Wth? Even before the slap, they shouldn't have let him grab on the baby like that. It looked like he was squeezing the child's head. 

Who knows what that nutcase does to children when no one is looking.


----------



## Shula (Jun 21, 2018)

Pharisee.


----------



## Pat Mahurr (Jun 21, 2018)

Let me see myself out.


----------



## CarefreeinChicago (Jun 21, 2018)

My sister just had her first baby 10 days ago and I would be in jail if someone touched her in this manner!


----------



## YvetteWithJoy (Jun 21, 2018)

I don't understand.


----------



## nysister (Jun 21, 2018)

Goombay_Summer said:


> The priest is unapologetically old school, he believes that if children won’t stop crying he’ll give them something to cry about.



That is what it seems like. He looks 90 if he's a day and while I in no way agree with what he did, it doesn't necessarily surprise me. Hence the reaction of the family. 

Child rearing and treatment has come a long way.


----------



## tru4reele (Jun 21, 2018)

Goombay_Summer said:


> The priest is unapologetically old school, he believes that if children won’t stop crying he’ll give them something to cry about.


Yeah but that applies to older children. I think he is just Old and senile.


----------



## danniegirl (Jun 21, 2018)

Jasmataz said:


> Who knows what that nutcase does to children when no one is looking.



This is what i was thinking ...i wonder about them choir boys up in his parish.....

I also thought maybe one of them is a demon the whole scene remided me of something i might have saw in supernatural


----------



## cinnespice (Jun 21, 2018)

Goombay_Summer said:


> The priest is unapologetically old school, he believes that if children won’t stop crying he’ll give them something to cry about.
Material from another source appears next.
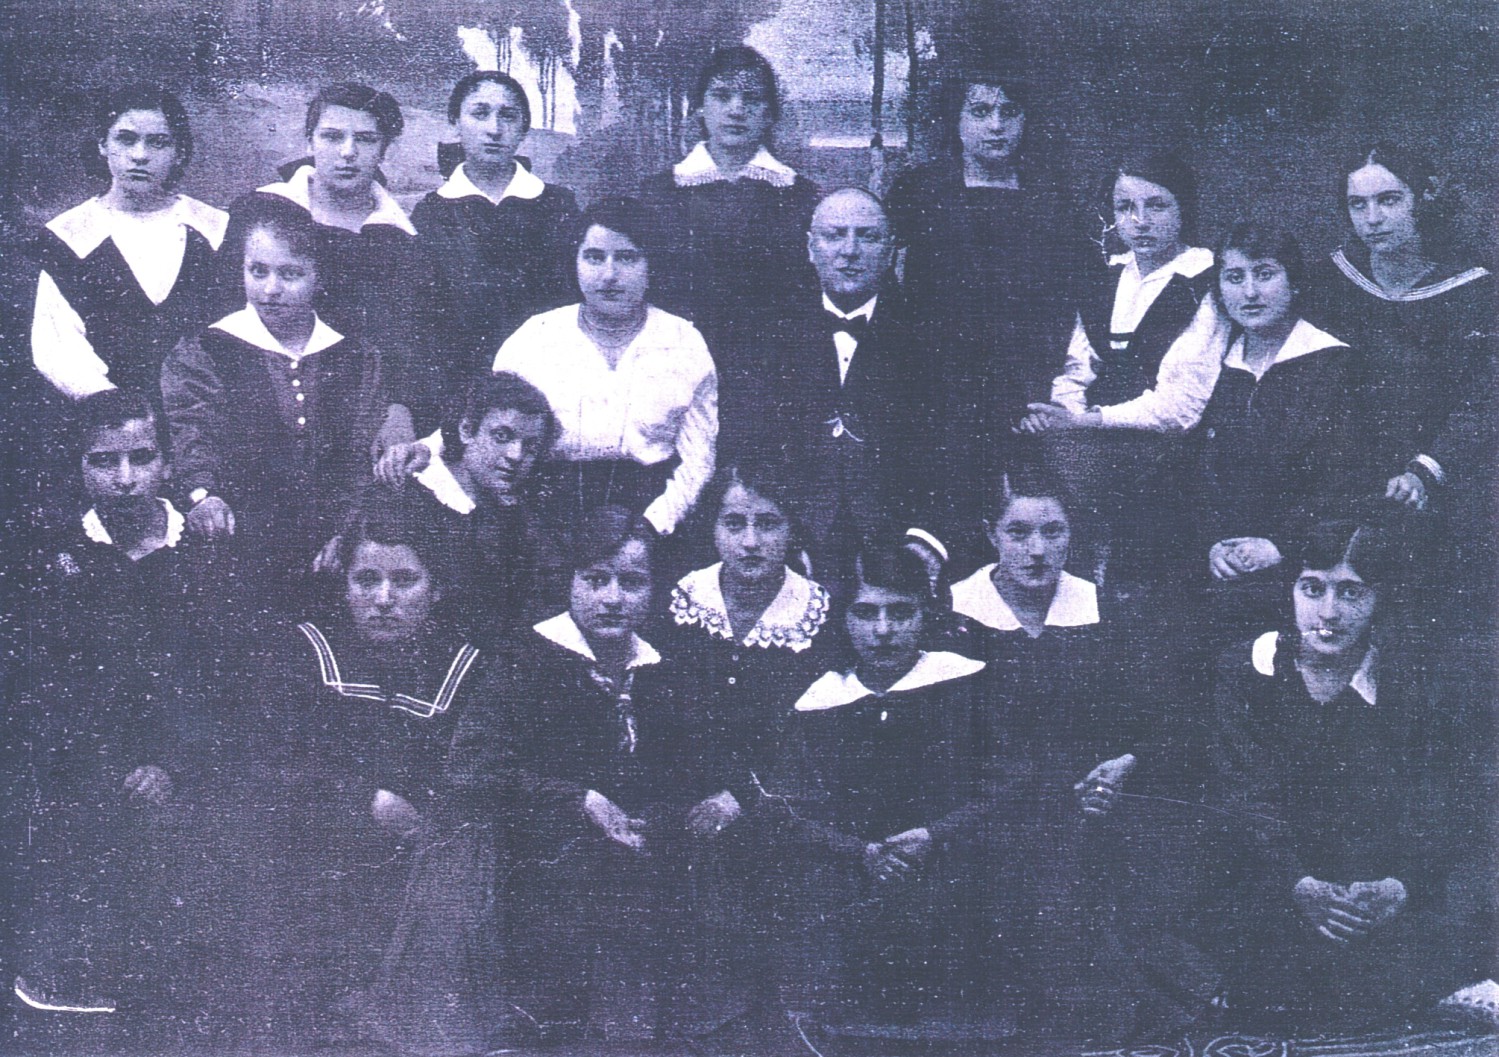 Szymon Goldlust z uczennicami gimnazjum przed II wojna światową (źródło: Księga Pamięci Łomżyńskich Żydów)

That's fine. But I'm kinda hood along to match the old school ways and he woulda been slapped backed priest or not. Actually i would have grabbed my child before he laid that slap down he was man handling the baby from the beginning.


----------



## Mooney72 (Jun 21, 2018)

Video ended too soon! Daddy looks like he was getting heated. Maybe that old ba****d did catch a beatdown.


----------



## Kindheart (Jun 21, 2018)

cinnespice said:


> That's fine. But I'm kinda hood along to match the old school ways and he woulda been slapped backed priest or not. Actually i would have grabbed my child before he laid that slap down he was man handling the baby from the beginning.
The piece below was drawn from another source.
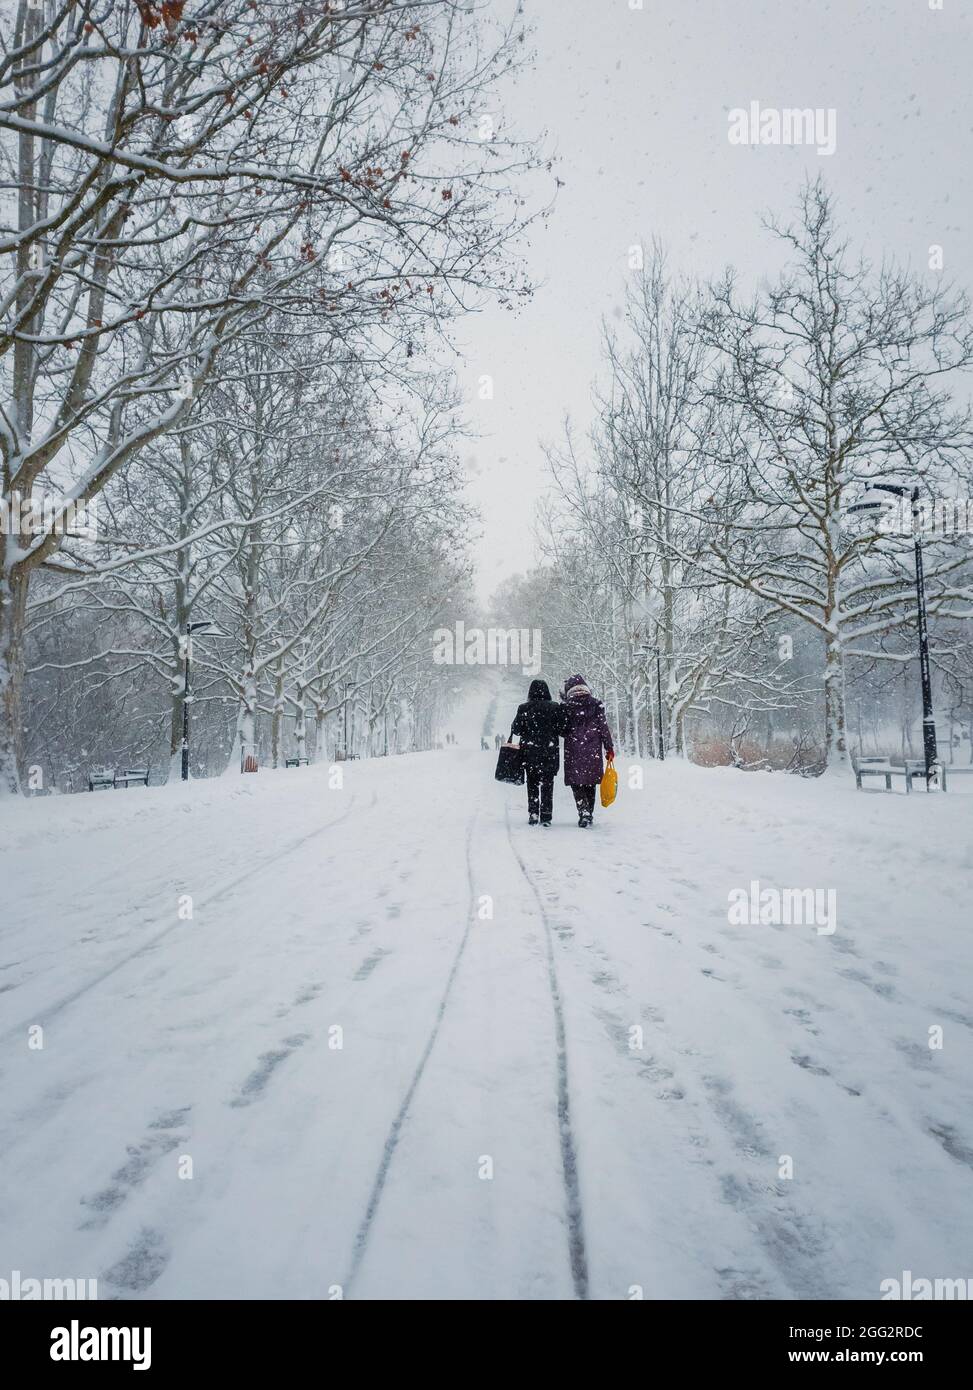 Zwei Frauen mittleren Alters, die Beutel tragen, gehen durch den Schneefall entlang der Gasse im Winterpark. Wunderbare Schneeszene auf der Straße. Kalt s Stockfoto

Hell yeah ! For that slap he would have got stomped on


----------



## doll-baby (Jun 21, 2018)

I hope someone layed hands on that "priest".


----------



## InchHighPrivateEye (Jun 21, 2018)

My whole family would be in jail.

Tbh my husband is kind of respectability political-ish  so idk if he would have reacted immediately. But between my momma cussing me and the priest out and me windmilling/mushing and my father swinging on the priest, he would have joined in. We would all be in jail. I’m not even sure who would watch the baby because we would be in JAIL, do you hear me


----------



## naturalfinally (Jun 21, 2018)

This is the link to more of the video and it is SHOCKING!!  Yeah, that priest absolutely needed a beat down!  He would not let go of that baby and the father kept trying to take him!


----------



## 1QTPie (Jun 21, 2018)

Nope.  We would have been fighting _to the death_.


----------



## Kanky (Jun 21, 2018)

No black babies were harmed.


----------



## SoniT (Jun 21, 2018)

Oh hell no!


----------



## Ganjababy (Jun 21, 2018)

The baby saw the evil in him. I don’t understand how the mother just stood there.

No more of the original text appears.